---------- Source material

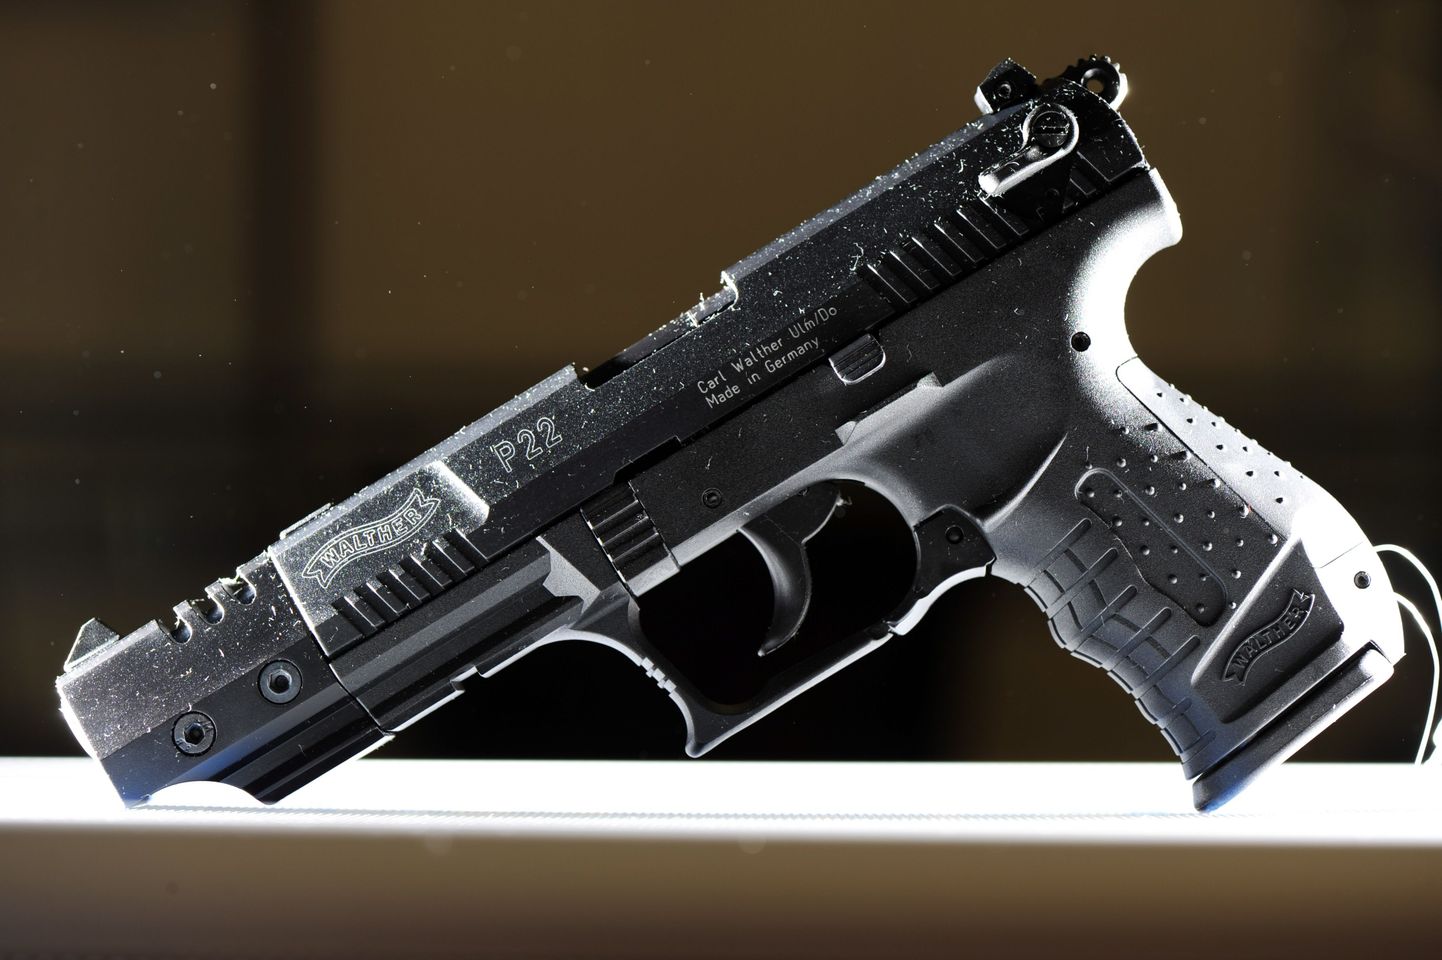 Poolautomaatne püstol Walther P22. Foto on illustratiivne.
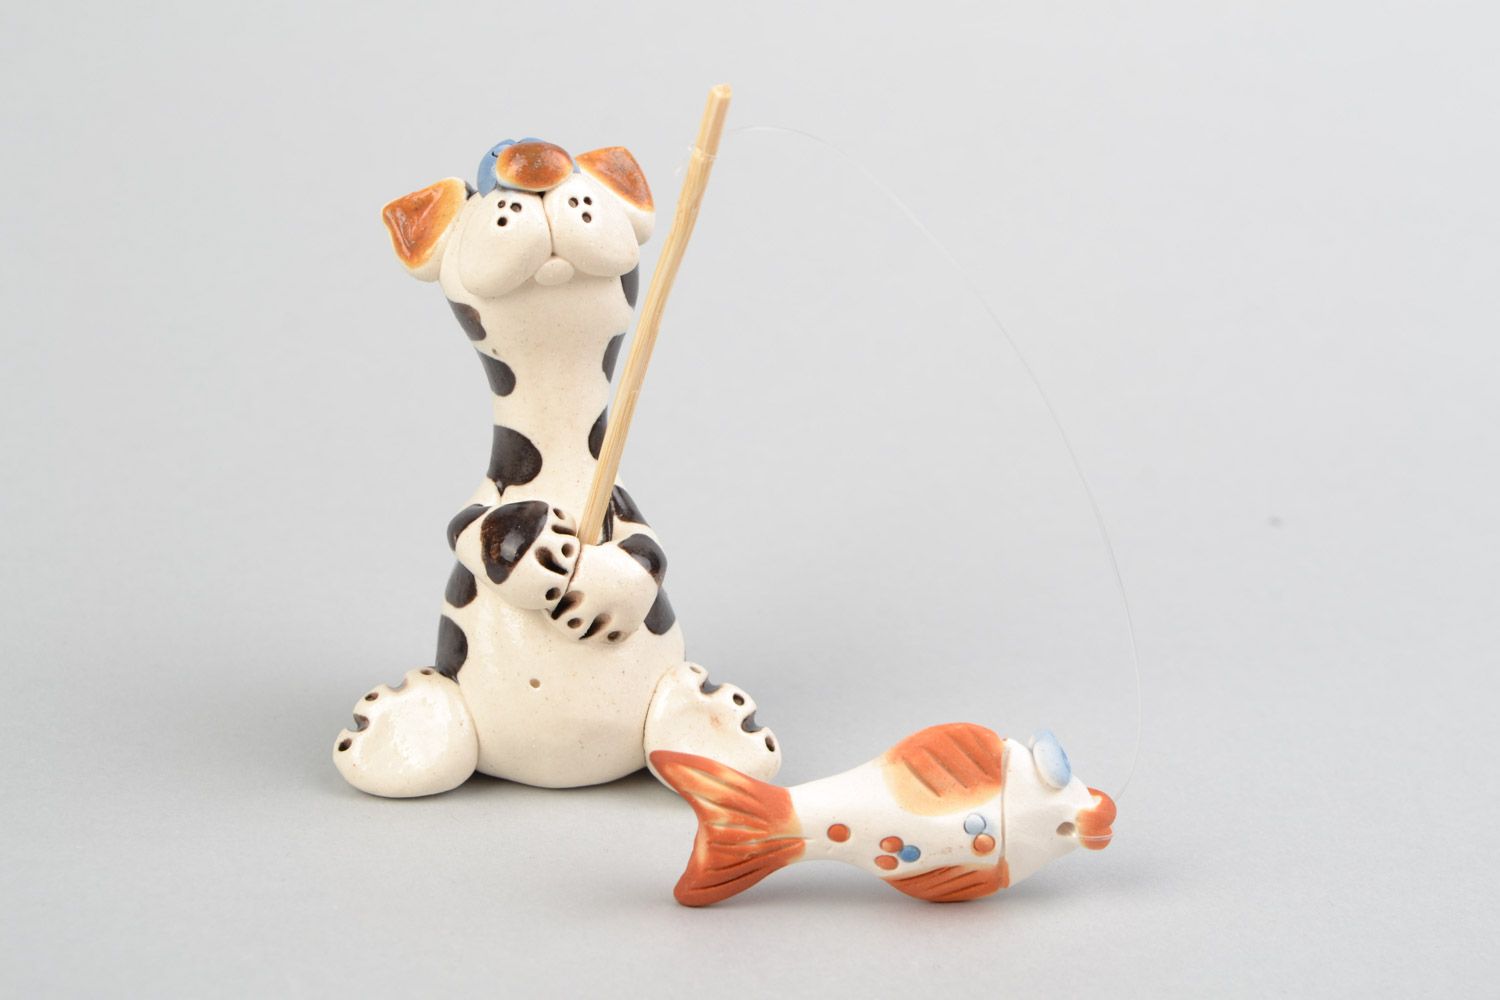 Авторская расписанная глазурью глиняная фигурка кота рыбака ручной работы фото 1
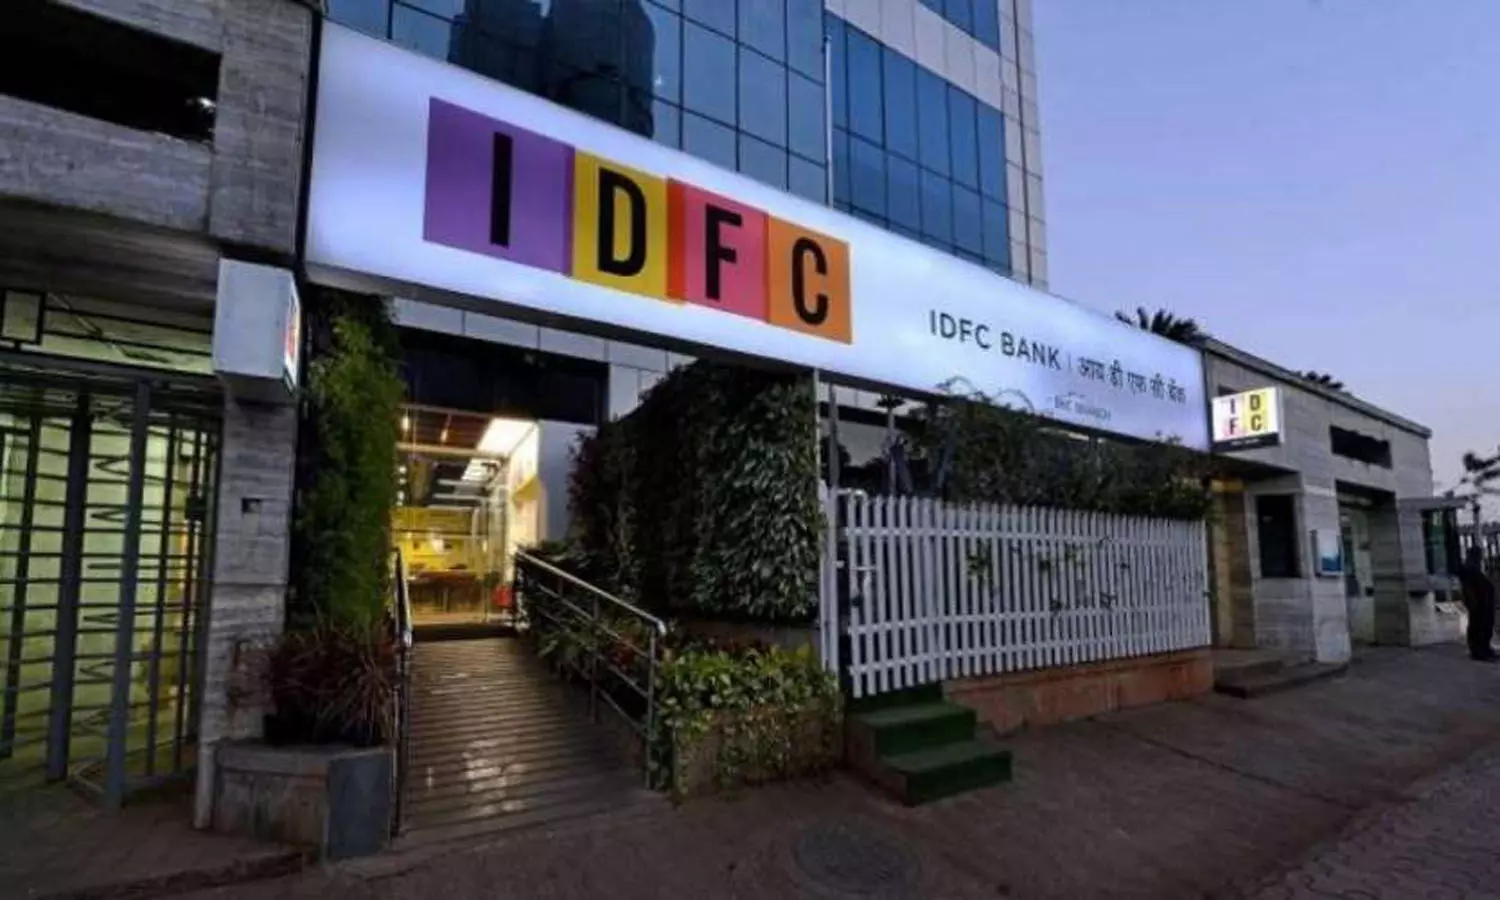 IDFC Bank ने आज से घटाई ब्याज दरें, फटाफट चेक करें लेटेस्ट रेट

--------------------

What you should do
Retype each line of the listing above word for word. Exclude the pictures.

Solution to the problem
 Poolautomaatne püstol Walther P22. Foto on illustratiivne.
 Авторская расписанная глазурью глиняная фигурка кота рыбака ручной работы фото 1
 IDFC Bank ने आज से घटाई ब्याज दरें, फटाफट चेक करें लेटेस्ट रेट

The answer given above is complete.